Winterizing your Spa

If you really won’t be using your spa during the winter, either because of inclement weather or due to travel plans, there is still an important spa care step to take before the cold sets in: Winterization.

Winterization is the process of protecting an empty spa from freezing. If you will not be using the hot tub or will be away and unable to perform the required regular spa care routine of sanitizing and balancing your spa, you will need to drain the tub and fill the lines with antifreeze. Removing all the water from the lines of your spa’s plumping is impossible, and even a little water can result in disastrous and costly freezing damage.

Any time a spa will be empty for any length of time in below-freezing temperatures, it must be adequately winterized.

If you plan to be away or empty your tub this winter, call us and ask about our winterization rates!

Wintertime Water Changes

But if the spa cannot be empty for any lengthy time, how are you supposed to keep up with your required water changes? Because of the risk of freezing, we recommend avoiding water changes in the coldest months of January and February. Schedule a water change in the early weeks of December when the weather is relatively warm and sunny. A water change in Late March / Early April (when the weather warms), a change in June, and a change in September.

Depending on your use, you may need to change your water more often, but a good rule of thumb is 3 – 4 months between water changes.

If you find yourself in the middle of winter and need a water change, you must pay close attention to the weather. Find a day or a few days where the temperature will stay above freezing for at least 24 hours: to give you enough time to clean, drain, and refill the tub and allow the water to move through the system and begin to heat up before the temperature drops back down.

Don’t forget to grab a bottle of Metal Gon for your refill! The sequestering agent is key to preserving the lifespan of your spa and components, helping you save money and avoid costly repairs in the long run.

How to Avoid Freezing

Sometimes no matter how prepared we are, disaster strikes. If you encounter an issue with your spa in the winter, do not turn off the hot tub unless directed by a service tech. Moving water is much more resistant to freezing than water sitting in your plumbing.

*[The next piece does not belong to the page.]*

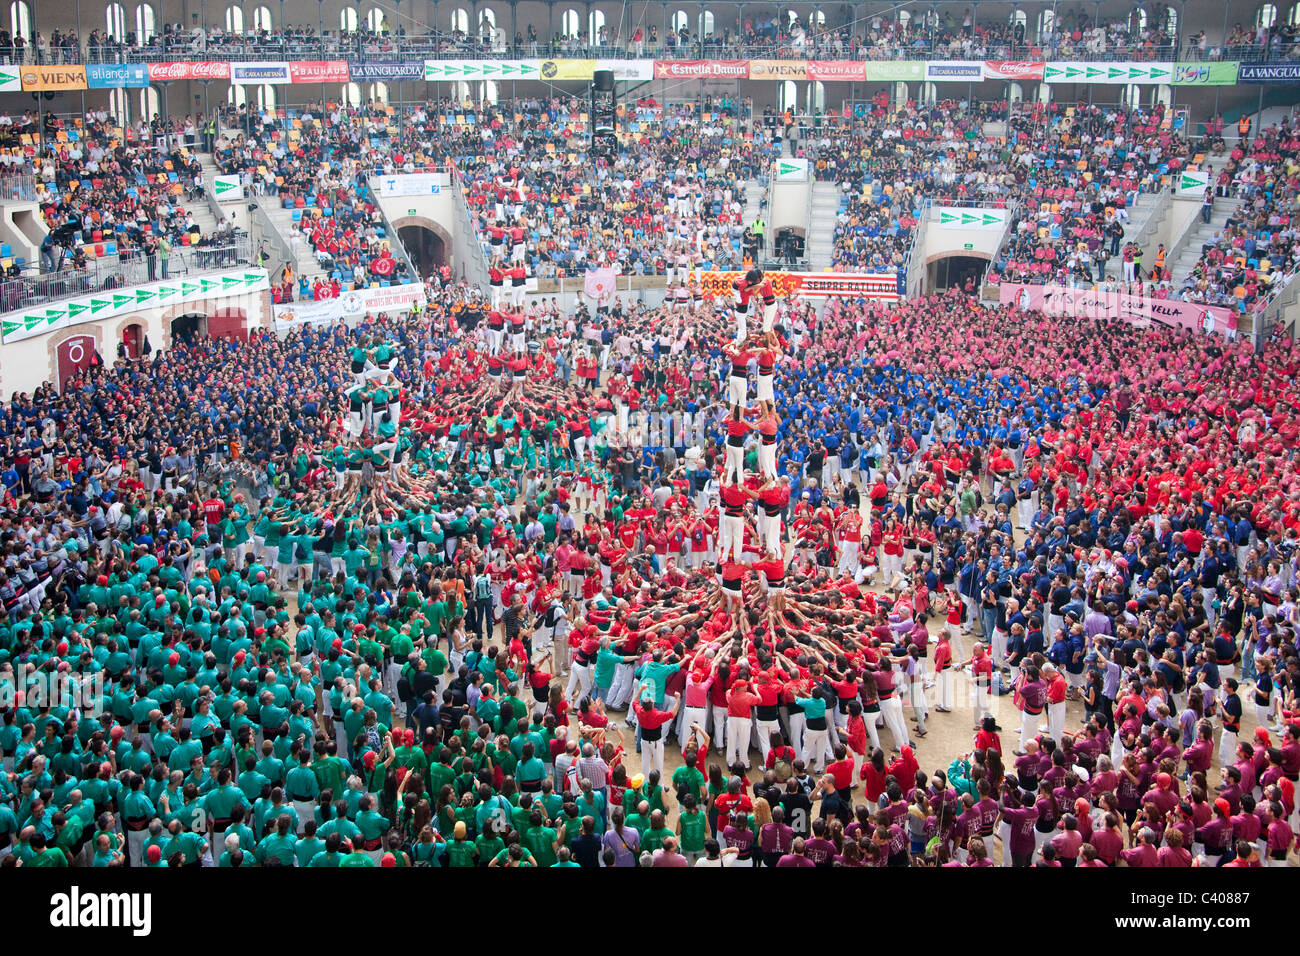 Spanien, Europa, Tarragone, Catalogne, stade, Castellers, festival, pyramide humaine, masses, Castells, tradition Banque D'Images
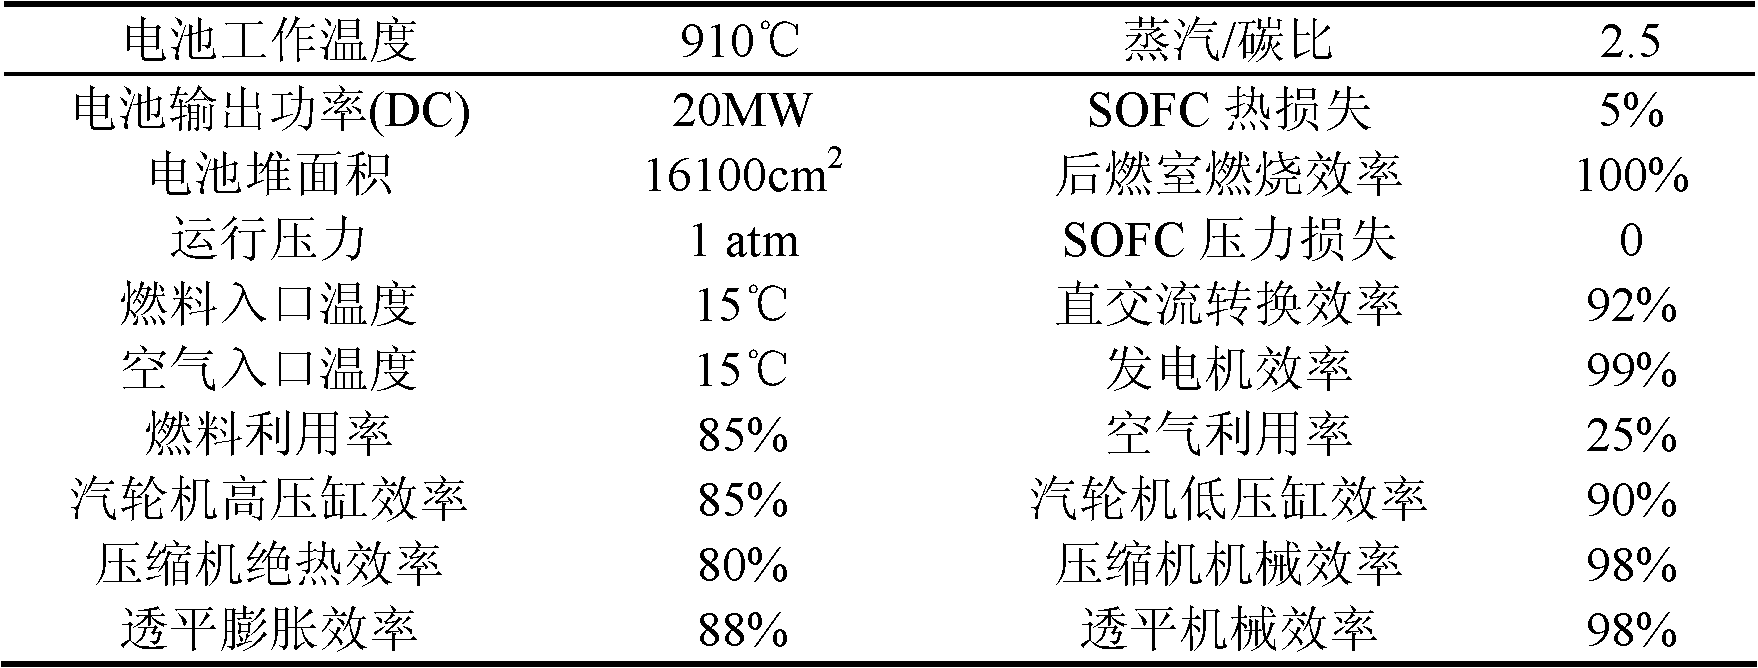 OTM (oxygen transport membrane)-integrated SOFC (solid oxide fuel cell)/AT (air turbine)/ST (steam turbine) composite power system with zero CO2 (carbon dioxide) emission

If your spa stops circulating below-freezing temperatures, you must call for service immediately! Letting the spa water sit still at any time increases the risk of damage to the plumping. While you wait for help to arrive, however, there are a few steps you can take to help preserve the warmth in your spa:

  • Leave the cover on to keep the water warm.
  • Take a small ceramic space heater and place it directly in or beside the spa’s pack area. Remove the main side panel that covers your spa pump and controls, and point the space heater into this area: to help prevent the residual water from freezing in the plumping while you wait for service!